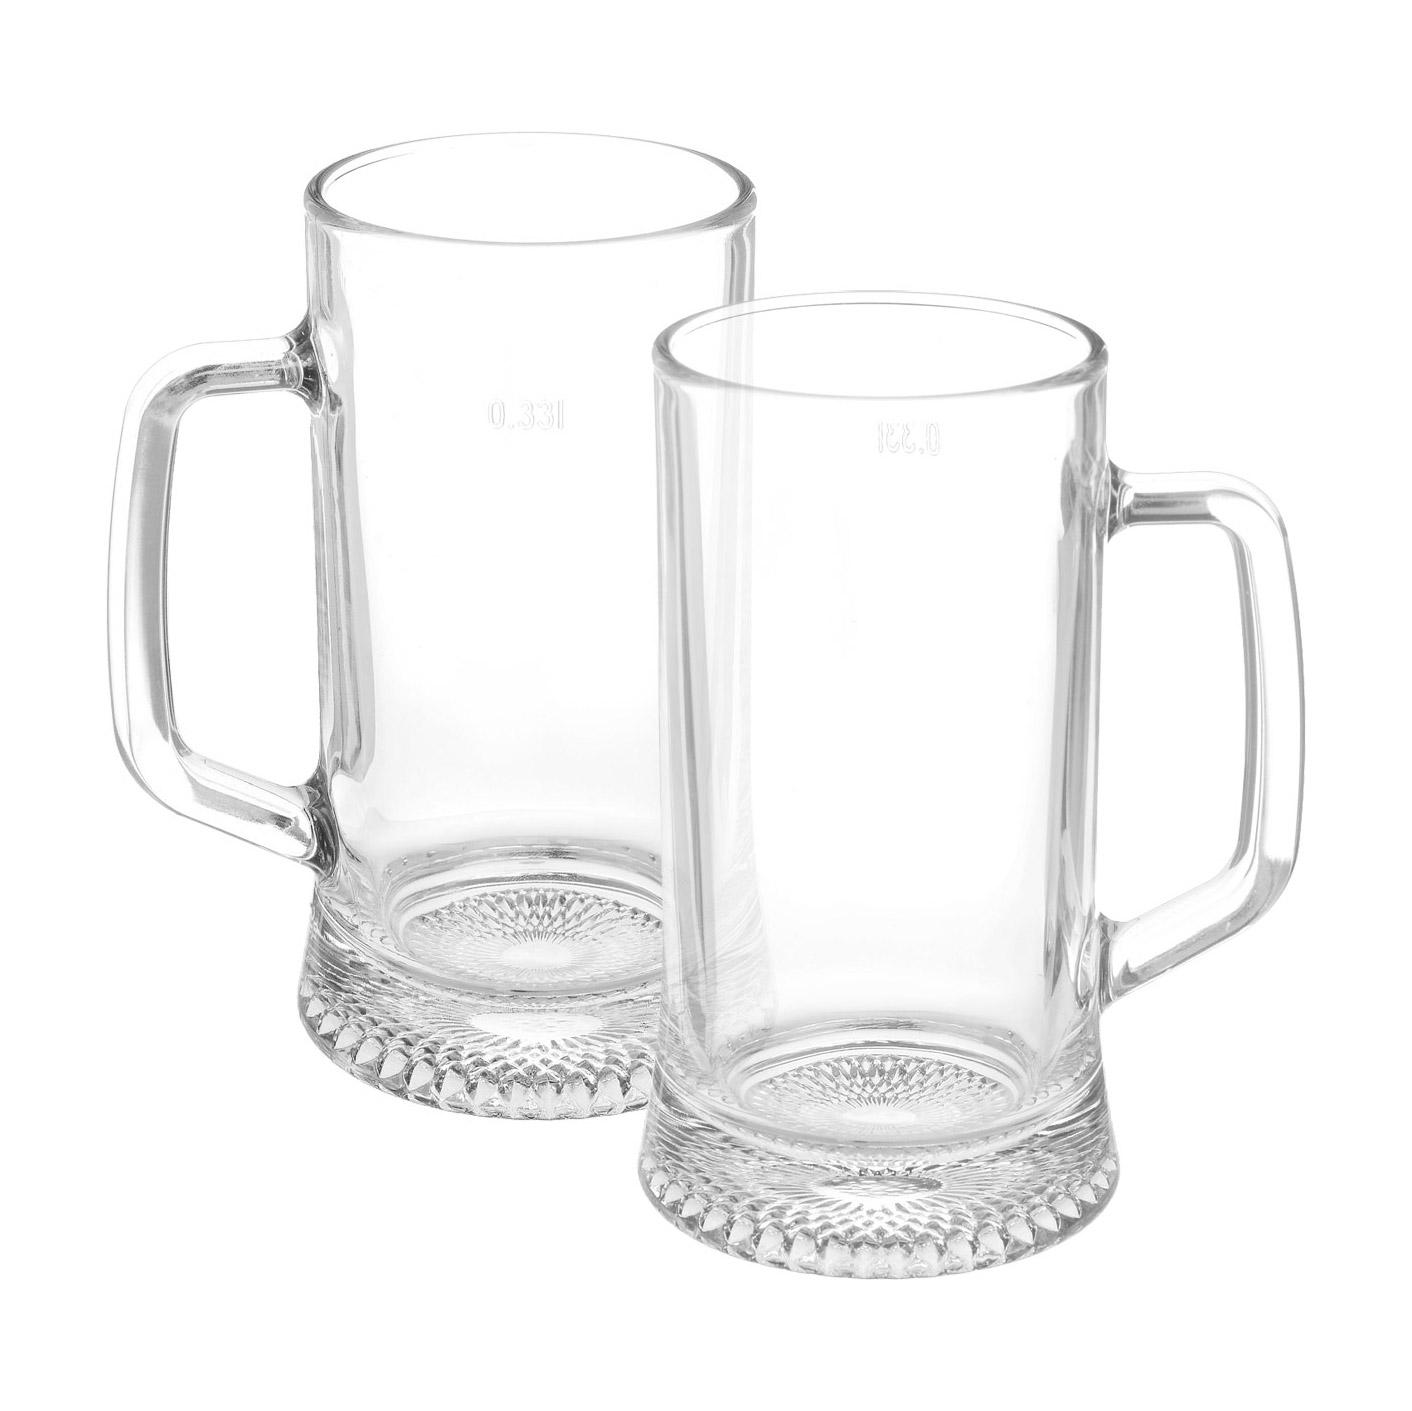 Набор кружек Luminarc Dresden для пива 330 мл 2 шт набор кружек для пива гамбург 2шт 500мл стекло
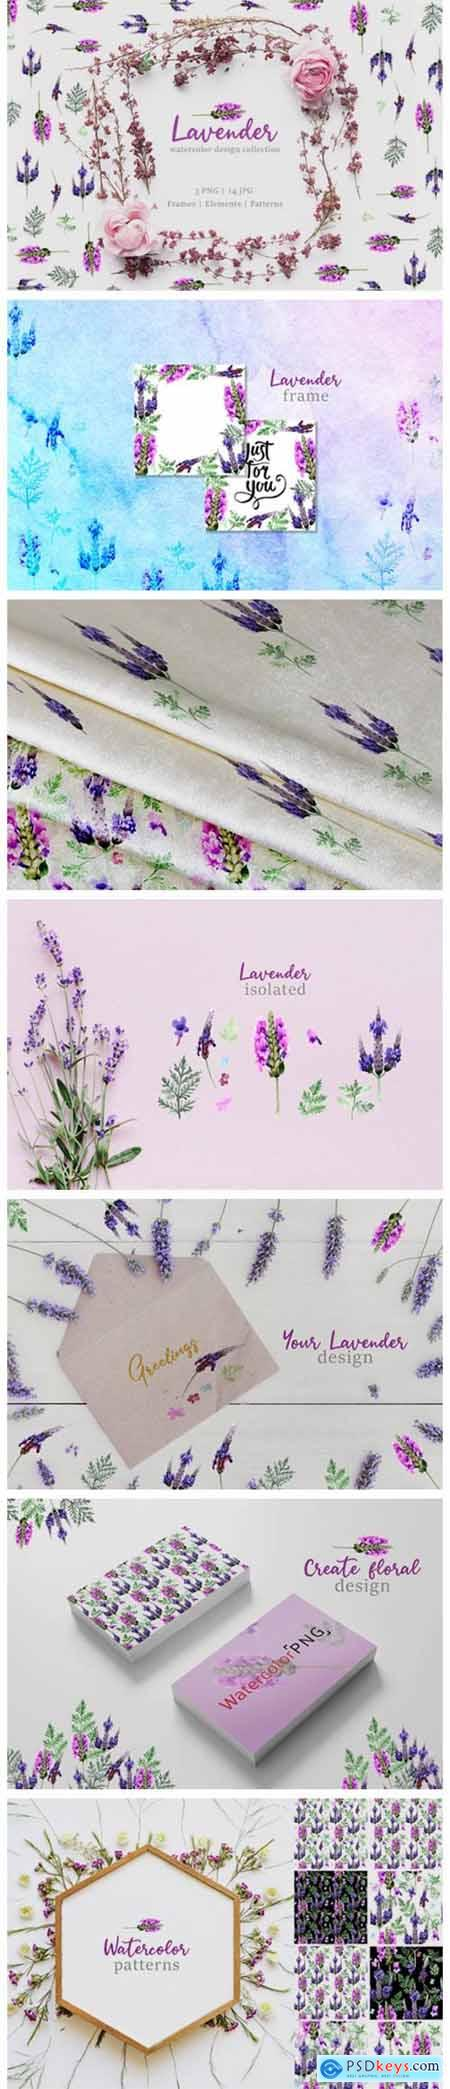 Lavender Watercolor 4750960
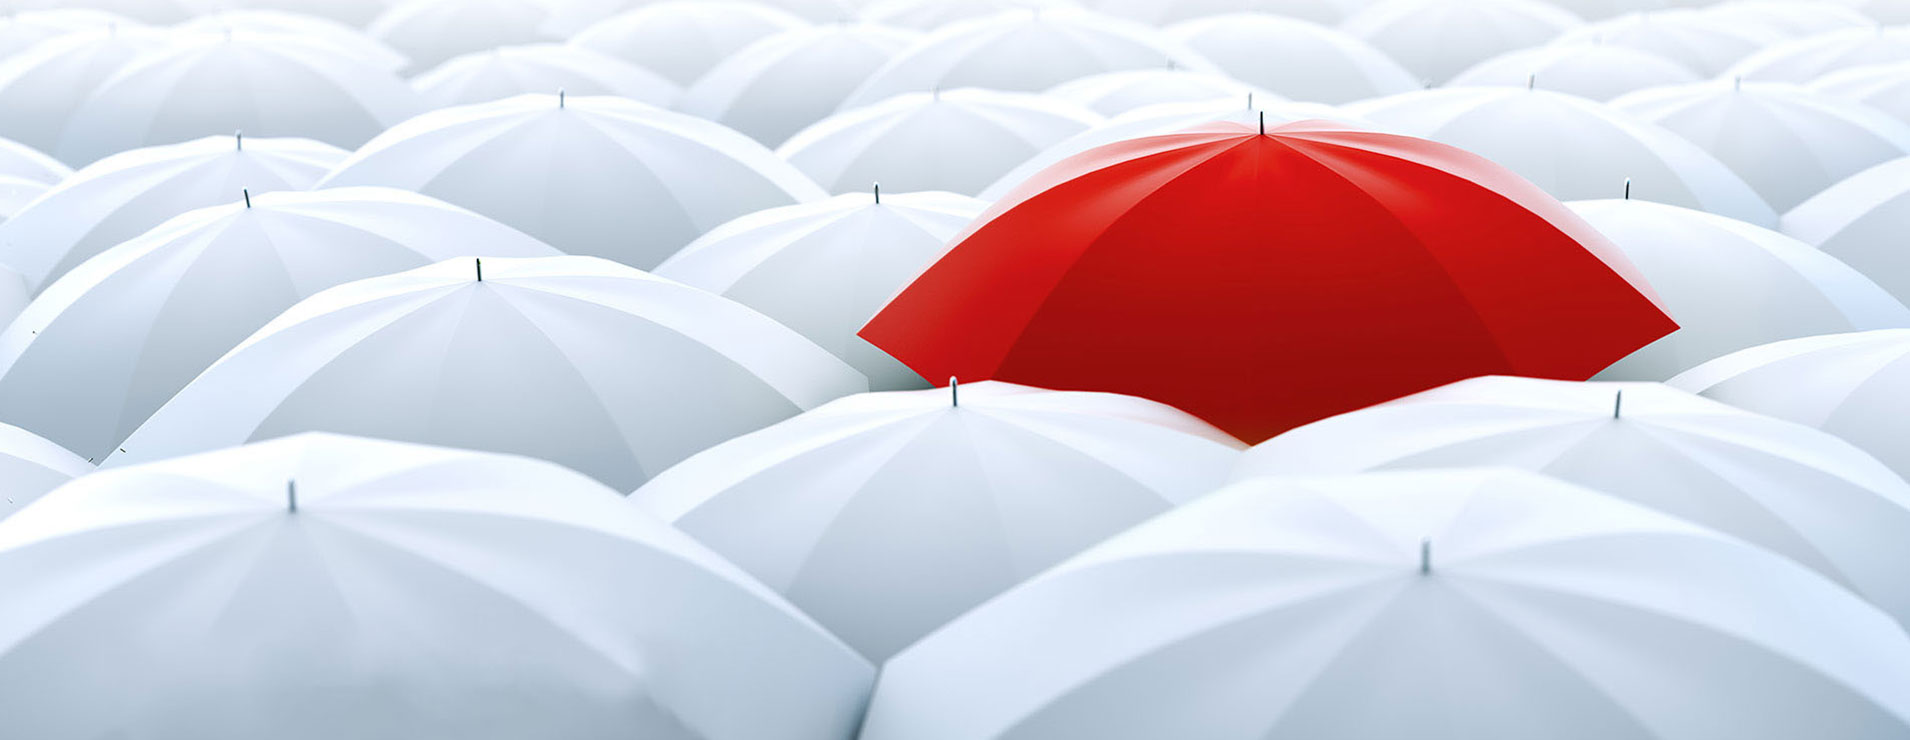 Banner Image of Red Umbrella among white umbrellas

************

**Task objective**
The whole listing above needs to be copied exactly; please keep the pictures out.

**Response below**
 Набор кружек Luminarc Dresden для пива 330 мл 2 шт набор кружек для пива гамбург 2шт 500мл стекло
 Lavender Watercolor 4750960
 Banner Image of Red Umbrella among white umbrellas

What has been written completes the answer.